A new kind of polymeric material (PNIPAAm-co-SA) was prepared by conjugating a thermosensitive polymer, Poly (N-isopropylacrylamide) (PNIPAAm) with streptavidin (SA). This smart prepared composite displayed a controllable conformation change between an expanded and a collapsed form, below or above its lower critical solution temperature (LCST). Differential scanning calorimetry (DSC) analysis demonstrated that the PNIPAAm-co-SA bioconjugate showed the same LCST as the original synthetic polymer, PNIPAAm, which was also 32 °C. Based on the specific interaction between SA and biotin, a higher capture efficiency of PNIPAAm-co-SA, which was almost 100% in PBS buffer solution and above 70% in serum was obtained, respectively. And the high affinity between PNIPAAm-co-SA and biotin was still maintained after three heating cycles. Subsequently, the variola virus (small pox, VV) oligonucleotide sequence was chosen as a model to demonstrate the sensitivity of the biosensor which was fabricated based on PNIPAAm-co-SA. The biosensor exhibited the ability to separate and enrich targets from complicated system with its phase transition ability, and high sensitivity toward VV-targets were achieved. Moreover, other types of targets such as proteins and cells, could be detected by changing the biotin-captures, which indicated the broad applicability of biosensors based on this smart polymer material.

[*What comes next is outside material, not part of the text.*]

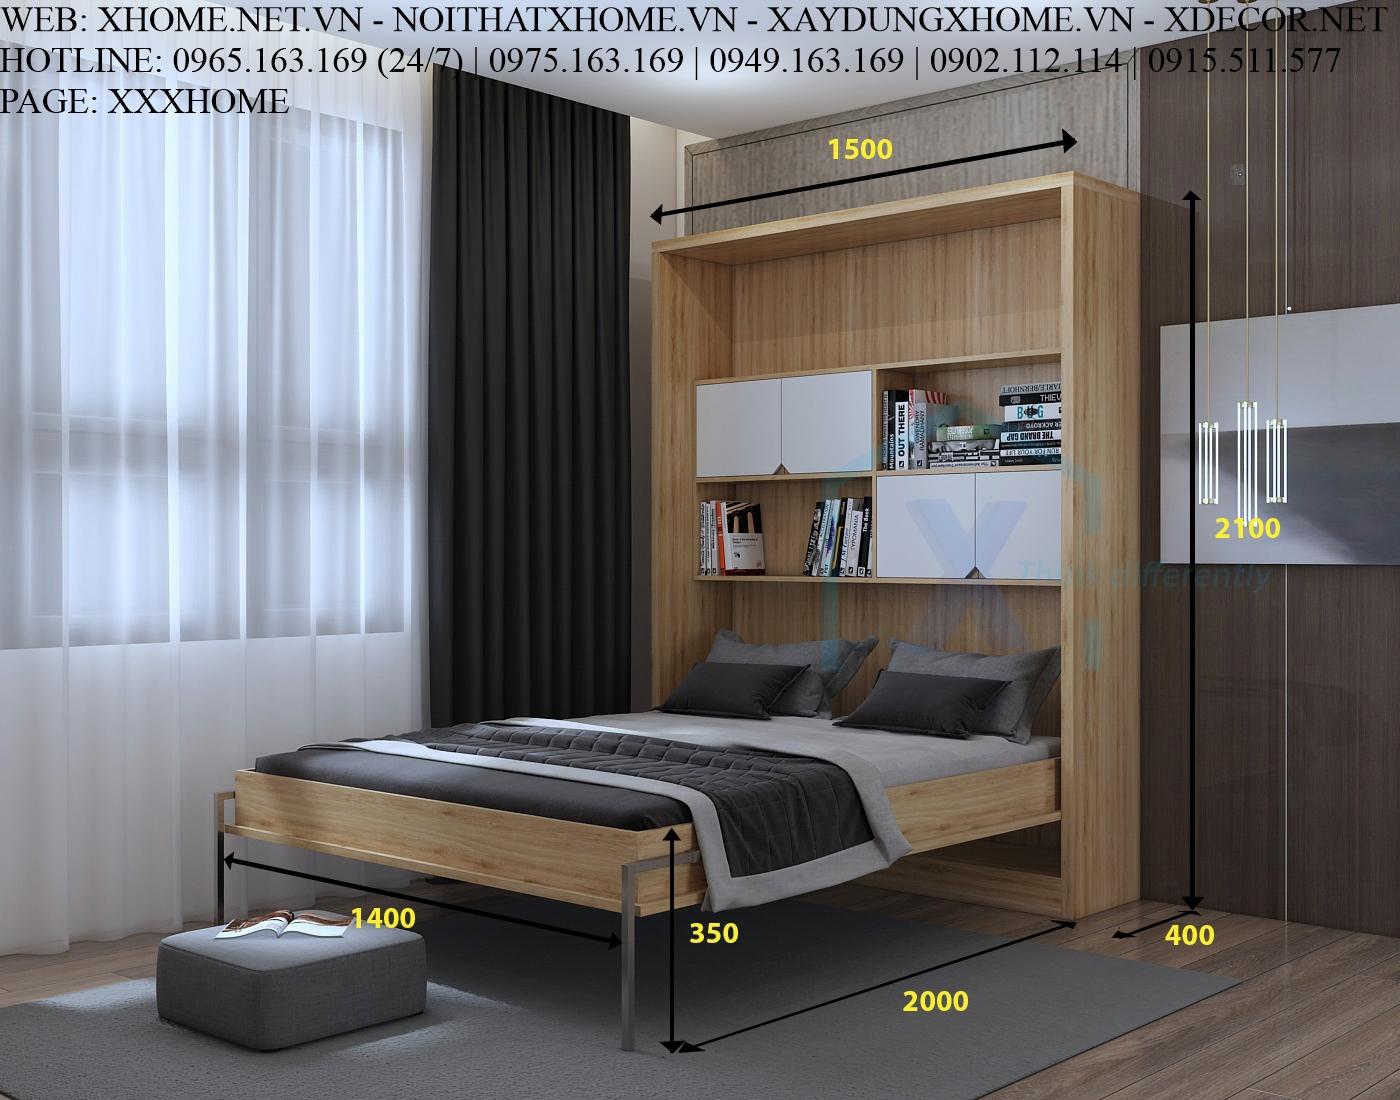 GIƯỜNG GẤP THÔNG MINH X HOME Hà Nội Sài Gòn XHOME1109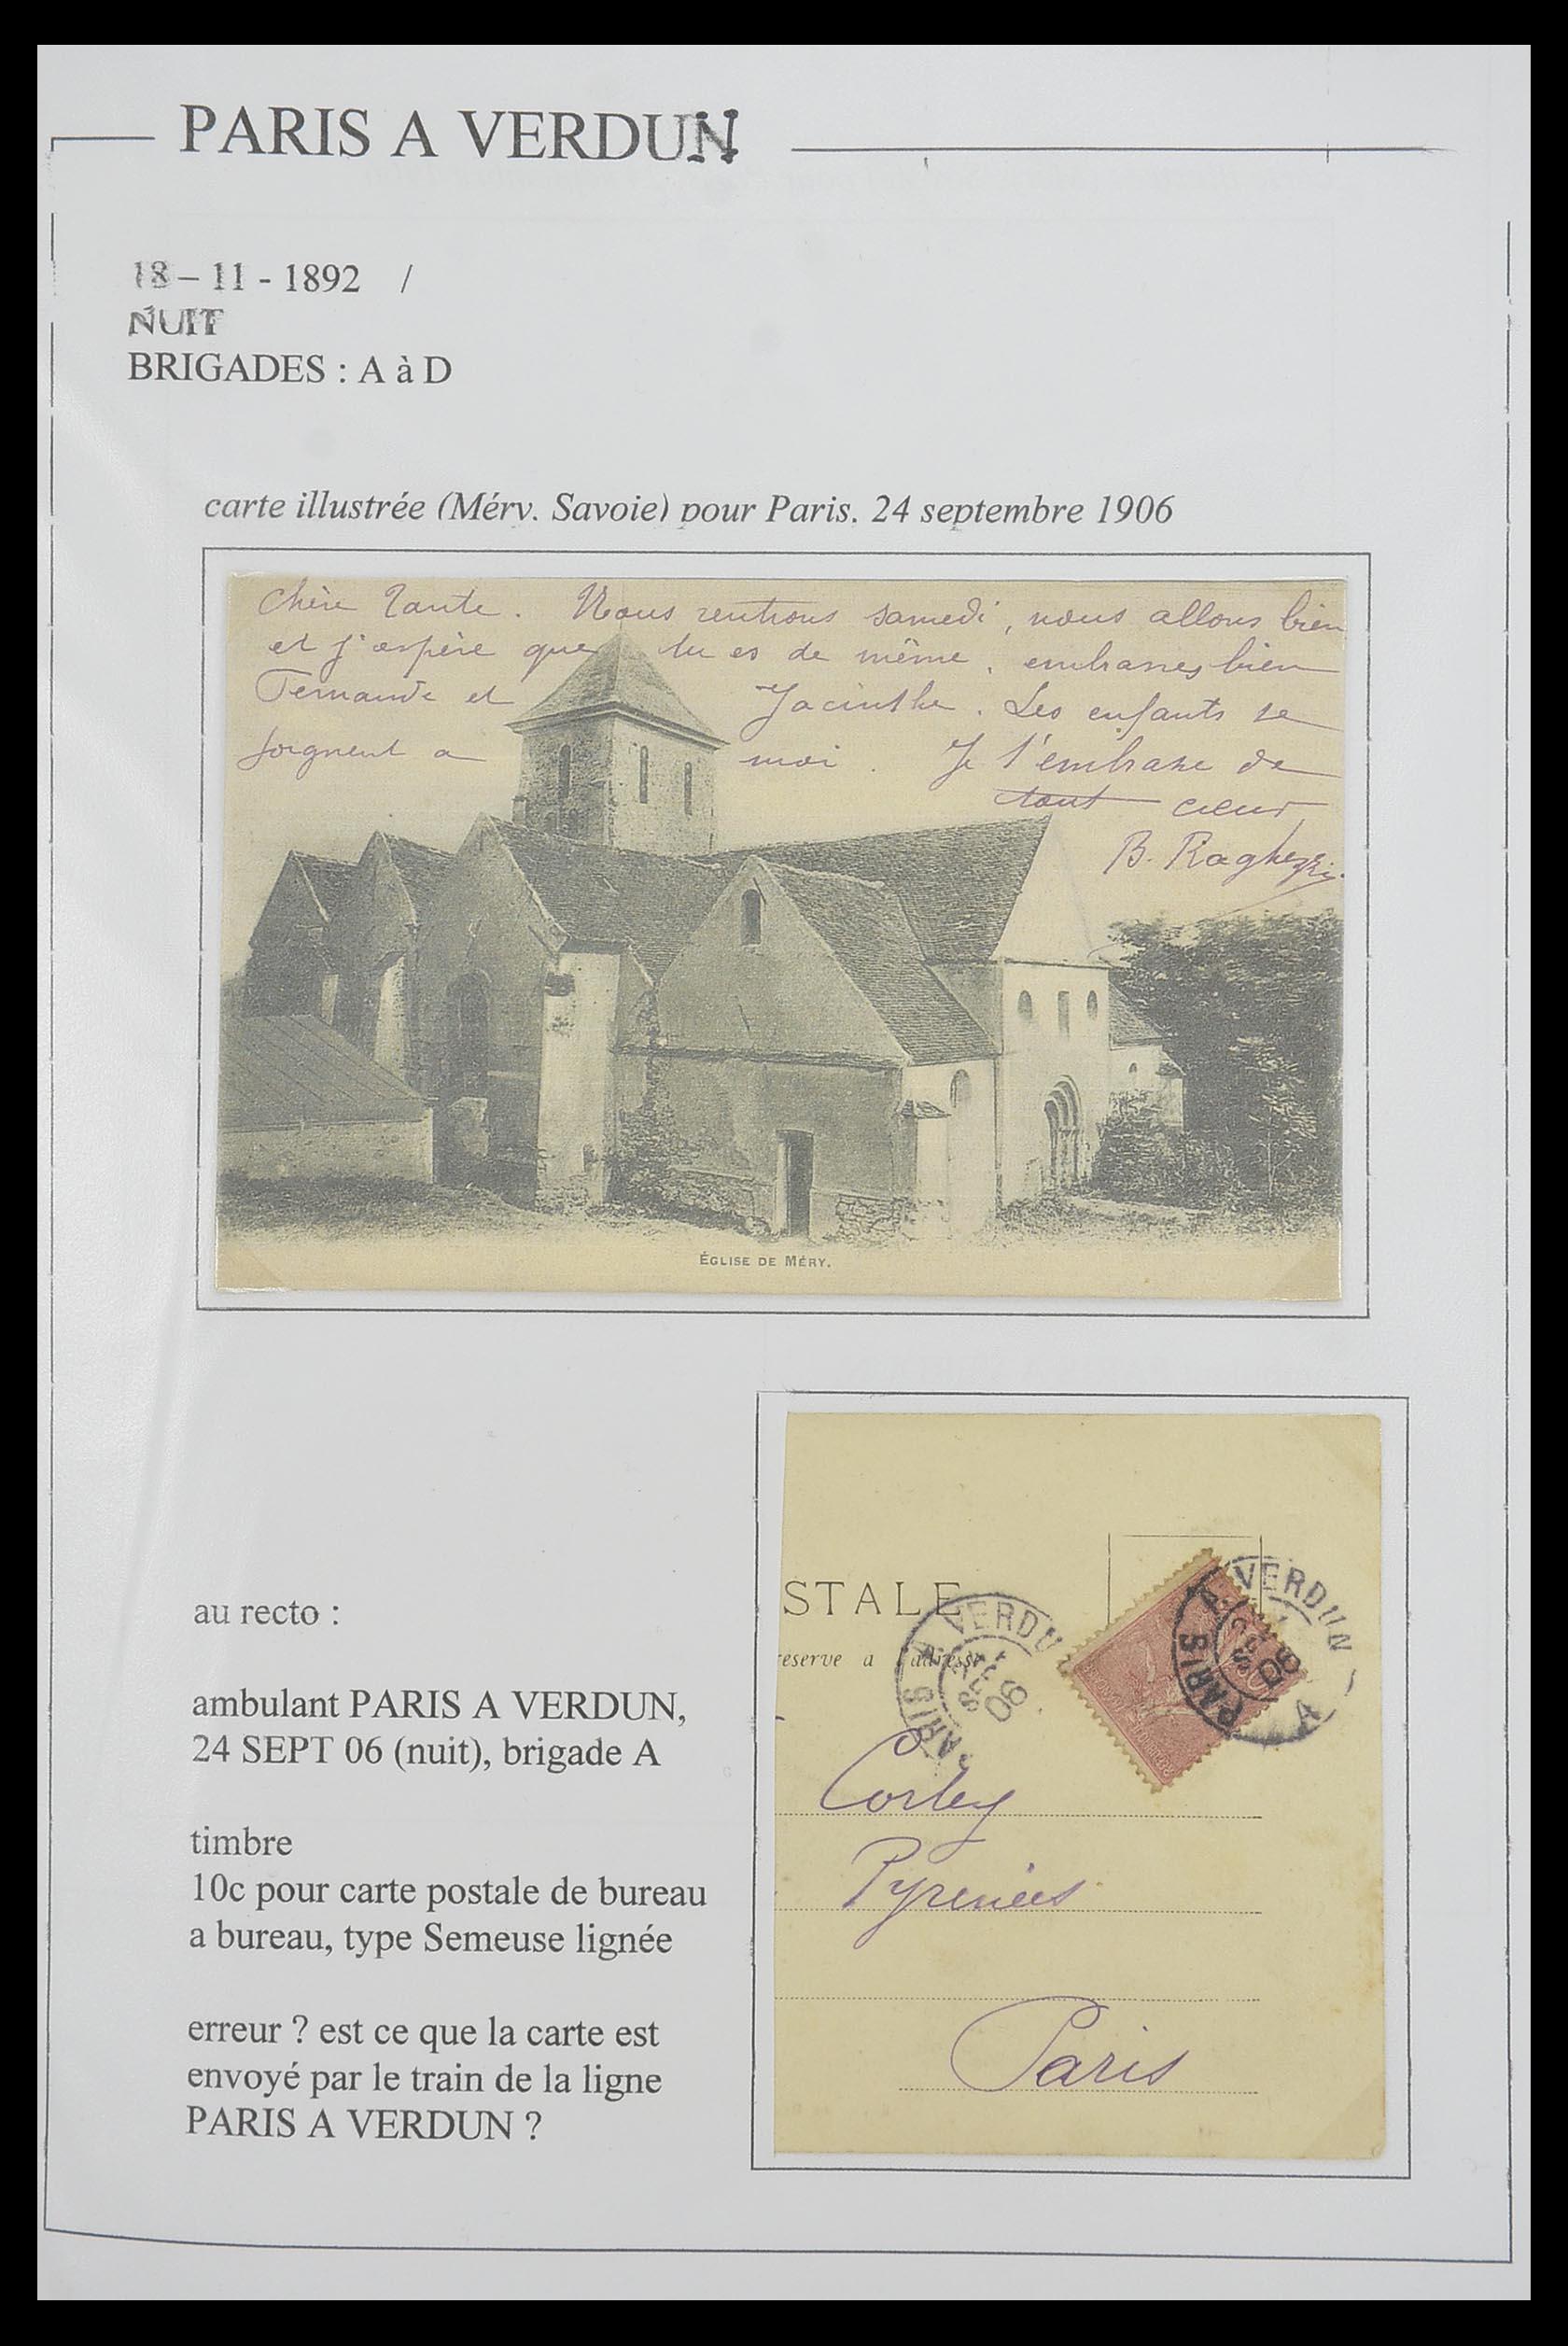 33624 019 - Postzegelverzameling 33624 Frankrijk brieven 1854-1907.

通过将热敏聚合物聚（N-异丙基丙烯酰胺）（PNIPAAm）与链霉亲和素（SA）偶联制备了一种新型的聚合物材料（PNIPAAm-co-SA）。在低于或高于其较低的临界溶液温度（LCST）的情况下，这种智能制备的复合材料在膨胀形式和塌陷形式之间显示出可控的构象变化。差示扫描量热法（DSC）分析表明，PNIPAAm-co-SA生物共轭物显示的LCST与原始合成聚合物PNIPAAm相同，也是32°C。基于SA和生物素之间的特异性相互作用，分别获得了较高的PNIPAAm-co-SA捕获效率，在PBS缓冲溶液中接近100％，在血清中超过70％。在三个加热周期后，PNIPAAm-co-SA与生物素之间仍保持高亲和力。随后，选择天花病毒（天花，VV）寡核苷酸序列作为模型，以证明基于PNIPAAm-co-SA的生物传感器的敏感性。该生物传感器具有相变能力，能够从复杂系统中分离和富集靶标，并且对VV靶标具有很高的灵敏度。此外，可以通过更改生物素捕获来检测其他类型的靶标，例如蛋白质和细胞，这表明基于这种智能聚合物材料的生物传感器具有广泛的适用性。并实现了对VV目标的高灵敏度。此外，可以通过更改生物素捕获来检测其他类型的靶标，例如蛋白质和细胞，这表明基于这种智能聚合物材料的生物传感器具有广泛的适用性。并实现了对VV目标的高灵敏度。此外，可以通过更改生物素捕获来检测其他类型的靶标，例如蛋白质和细胞，这表明基于这种智能聚合物材料的生物传感器具有广泛的适用性。